A selective multi-emission chemiluminescence system using hollow Eu3+/Gd2O3@SiO2 spheres modified by naphthalene derived molecules for the quantification of Cr6+ ions

Abstract

We developed a multi-emission fluorescence sensor based on hybridizing two different fluorescent centers, which provides a built-in correction to remove environmental effects. Eu³⁺ doped Gd₂O₃ nanoparticles were embedded in the silica hollow spheres while the fluorophore naphthalene derived molecules were covalently linked to the surface of silica to form multi-emission fluorescence sensors (Eu³⁺/Gd₂O₃@HSiO₂/NCO). With a detection limit of 3.8 nM, the nanosensor offers an effective platform for reliable Cr⁶⁺ detection.
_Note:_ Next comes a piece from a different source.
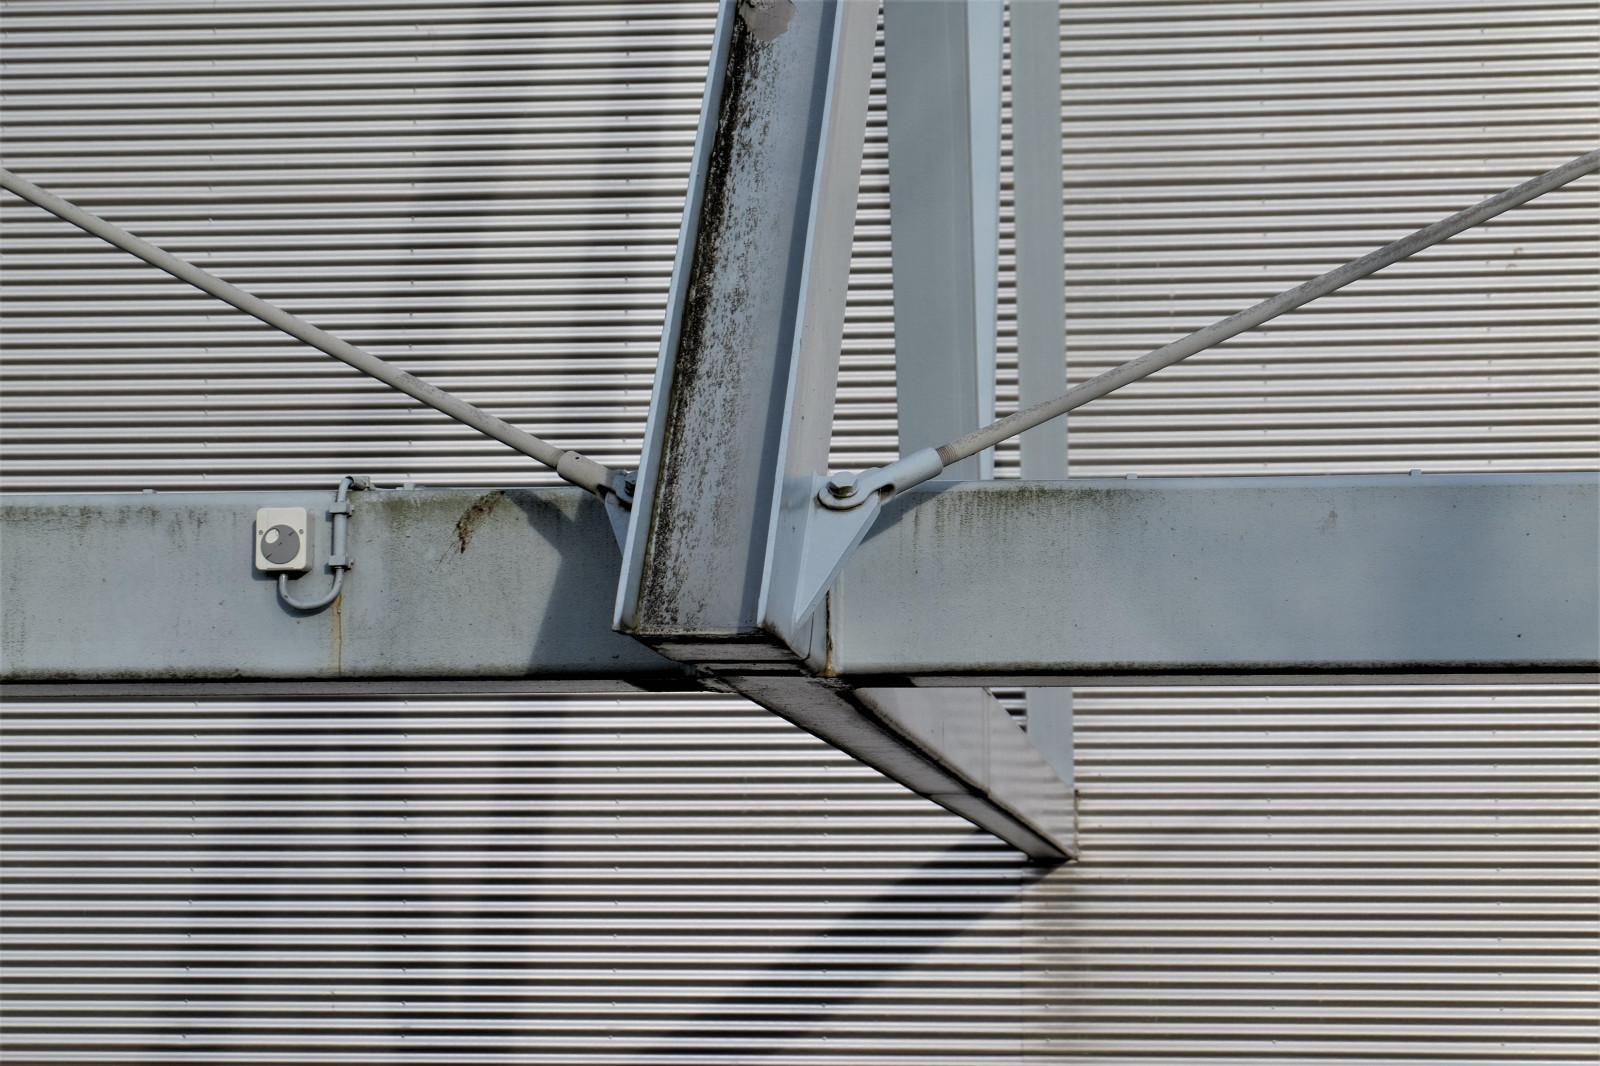 Fondos de pantalla : ventana, arquitectura, edificio, pared, casa ...
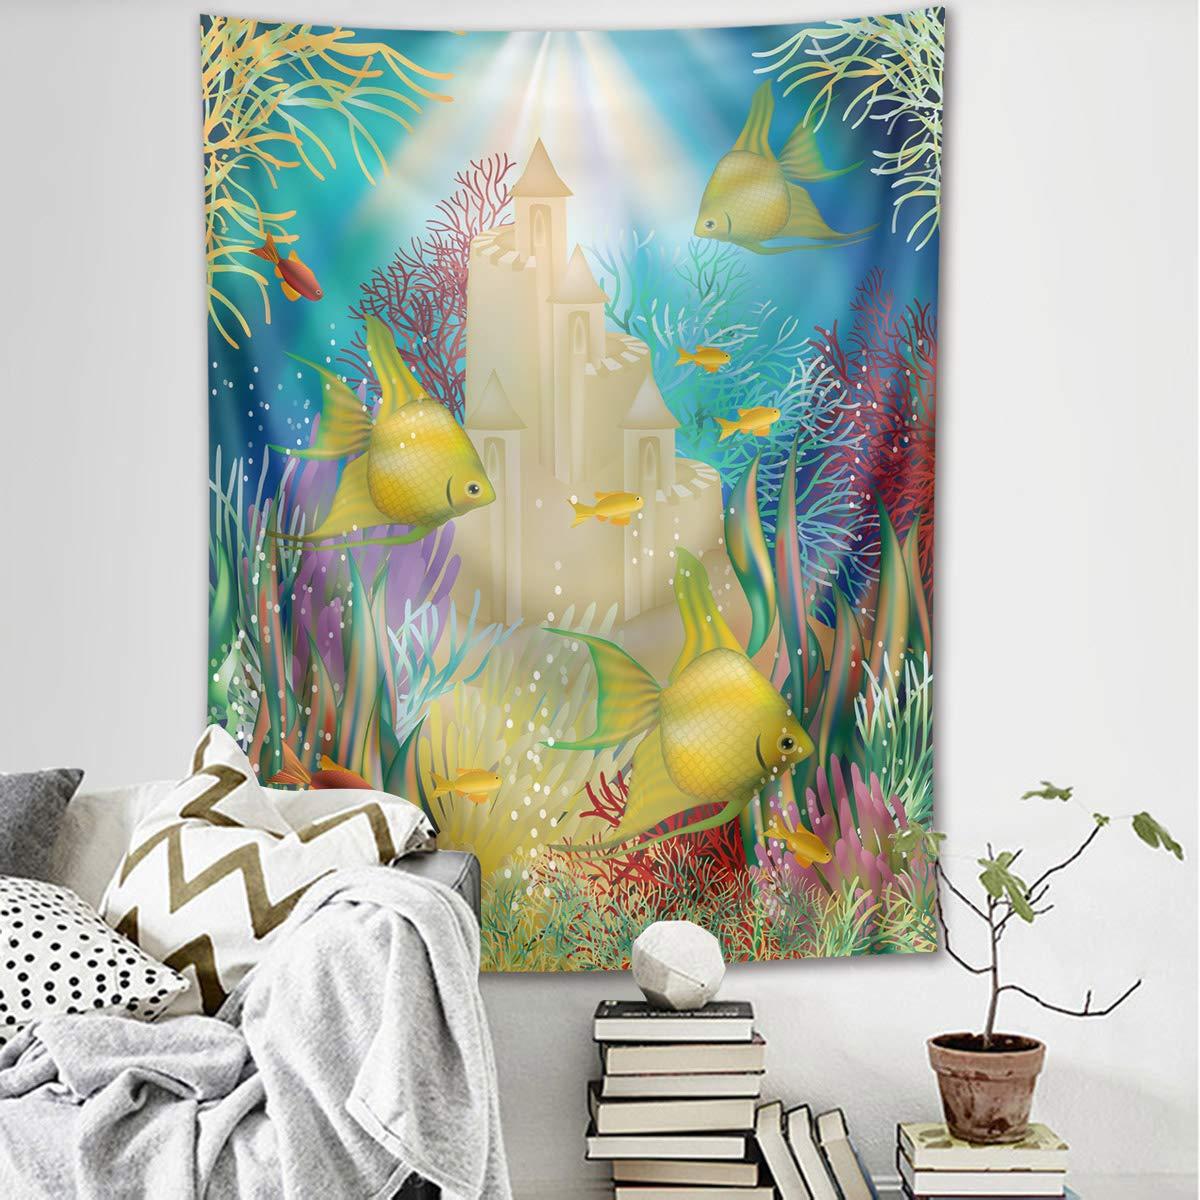 LB Vierge Marie Tapisserie Murales J/ésus Tenture Tapisserie Ange au Paradis Tapisserie pour Salon Chambre Dortoir Murale D/écoration,100cm Large x 150cm Hauteur

The obtained accuracy is considerably lower than the maximum level of Cr⁶⁺ in drinking water permitted by the U.S. Environmental Protection Agency (EPA). The prepared Eu³⁺/Gd₂O₃@HSiO₂/NCO inherited simultaneously the excellent luminescence performance of Eu³⁺/Gd₂O₃ and the fluorophore group and exhibited interesting structural and fluorescence stability in aqueous solution. A higher enhancement of fluorescence emission stemming from an intrinsic structure of Eu³⁺/Gd₂O₃ nanoparticles was observed by adding Cr⁶⁺ ions as opposed to naphthalene molecules. There was a good linear relationship between the sum of fluorescence intensity changes (ΔI₃₃₀ + ΔI₆₁₀) and the Cr⁶⁺ concentration in the range of 0.1–1.0 ppm. The nanosensor fabricated by this method showed good reversibility, enabling the rapid detection of Cr⁶⁺ in real water samples. As a result of this groundbreaking study, we are able to develop an idea for building a multifunctional fluorescent probe, with potential applications in biotechnology, food analysis, and environmental analysis.